In the beginning the Nazi movement in Germany used that specific salute only occasionally, following thus the example of their Italian counterparts. In 1926 this salute was called “Hitler salute” (Hitlergruß) and was made compulsory within the National Socialist Party. However, some members of the Nazi Party criticized this salute as non-Germanic, which forced the Führer to come up with a Germanic “historic tradition” which would back up the supposed Germanic origin of the Nazi salute. According to this invented historicity, the aforementioned salute was ascribed to Luther and the way in which the old German nobility greeted the vassals. Hitler turned it gradually into the obligatory salute for the entire German society (18). At the same time, this salute was adopted by other fascist movements (e.g. the French patriotic assault divisions that used it along with the greeting “dictatorship”) or similar regimes of the interwar period (e.g. the Greek 4th of August regime, also known as Metaxas regime).

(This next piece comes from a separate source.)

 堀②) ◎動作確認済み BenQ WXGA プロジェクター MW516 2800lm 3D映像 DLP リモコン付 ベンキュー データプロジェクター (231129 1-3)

National states need their national myths. In the same line, all fascist movements, which are nothing more than the excessive expression of the national state, have always been consistent and inspired mythmakers. During the interwar period the Nazis, in order to presume on a supposed great historical past of the Germanic tribes, invented a whole pseudo-archaeology based on absurd references to a master race which had its origins on Atlantis. This story was practically the continuation of the romantic and national myths that first appeared during the creation of the Germanic state. Similarly, their ideological pupils adopt nowadays the aforementioned salute following their own national myths. Some people in Greece, for example, based on a text published by the New Age organisation “New Acropolis”, reached the conclusion that the Nazi salute leads to “superior mental conditions and levels”!!! (20). Inconsistent allegations, unsupported both historically and archeologically, that meet the frenzy of the nascent Greek neo-fascism with its narratives about the El, the Andromeda, the Marble King and the myths about the “chosen Greek people”.

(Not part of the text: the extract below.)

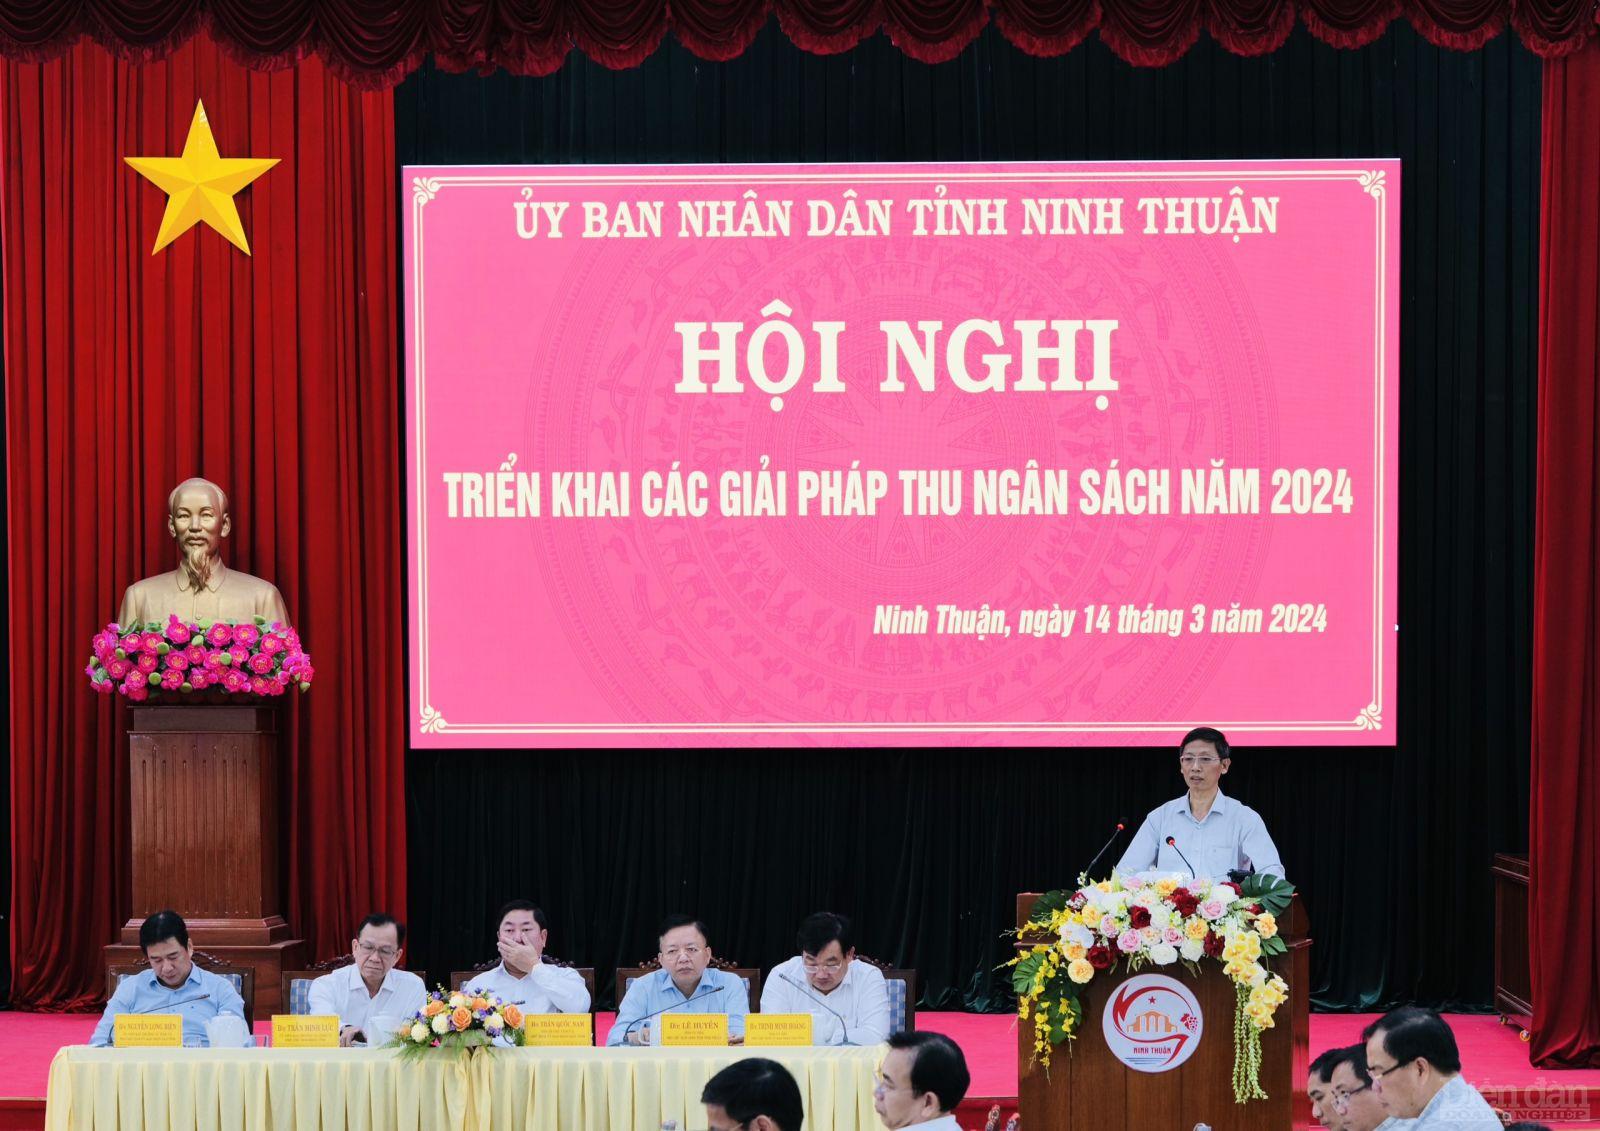 Cục trưởng Thuế tỉnh Ninh Thuận Nguyễn Văn Dũng phát biểu tham luận về những giải pháp để hoàn thành nhiệm vụ thu ngân sách năm 2024.

The pseudo-archaic salute is one of the principal characteristics of Golden Dawn and other neo-fascist groups. A close look at their gatherings and their political rituals proves Hobson’s words currently relevant: “[…] each man feeds his passion from the common sewer, draining the poisonous vapours which degrade his intellect and inflame the latent lusts of animalism […]” (21). Although Hobson was not writing about Nazi Germany, but about the manipulation of the working and middle classes in the huge gatherings short before the imperialist expedition to South Africa by a liberal Great Britain…
Dionysus the Free the Rider of Panthers
References:
1&4. Gelner, E, (1983) Nations and Nationalism.
2. Hobsawm, E (1990) Nations and Nationalisms since 1870.
3&5. Anderson, B (1991) Imagined Communities.
6. Debord, G (1967) La Société du Spectacle.
7,8 &11. Winkler, M (2009) The Roman Salute.
9. Boime, A (1987) Art in an age of revolution,1750–1800.
10. Kubal, T (2008) Cultural Movements and Collective Memory.
12. Whittam, J (1998) Mussolini and the Cult of the Leader.
13. Solomon, J (2001) The ancient world in the cinema
14. Gian Piero, B & Parzen, J (2009). The History of Italian Cinema.
15. Stokes, M (2007) D.W. Griffth’s The Birth of a Nation.
16&19. Εφημερίδα των Συντακτών (http://www.efsyn.gr/?p=12850).
17. Zamponi, F (2000) Fascist Spectacle.
18. Tilman, A (2009) The Hitler Salute.
21. Hobson, J (1901) The Psychology of Jingoism.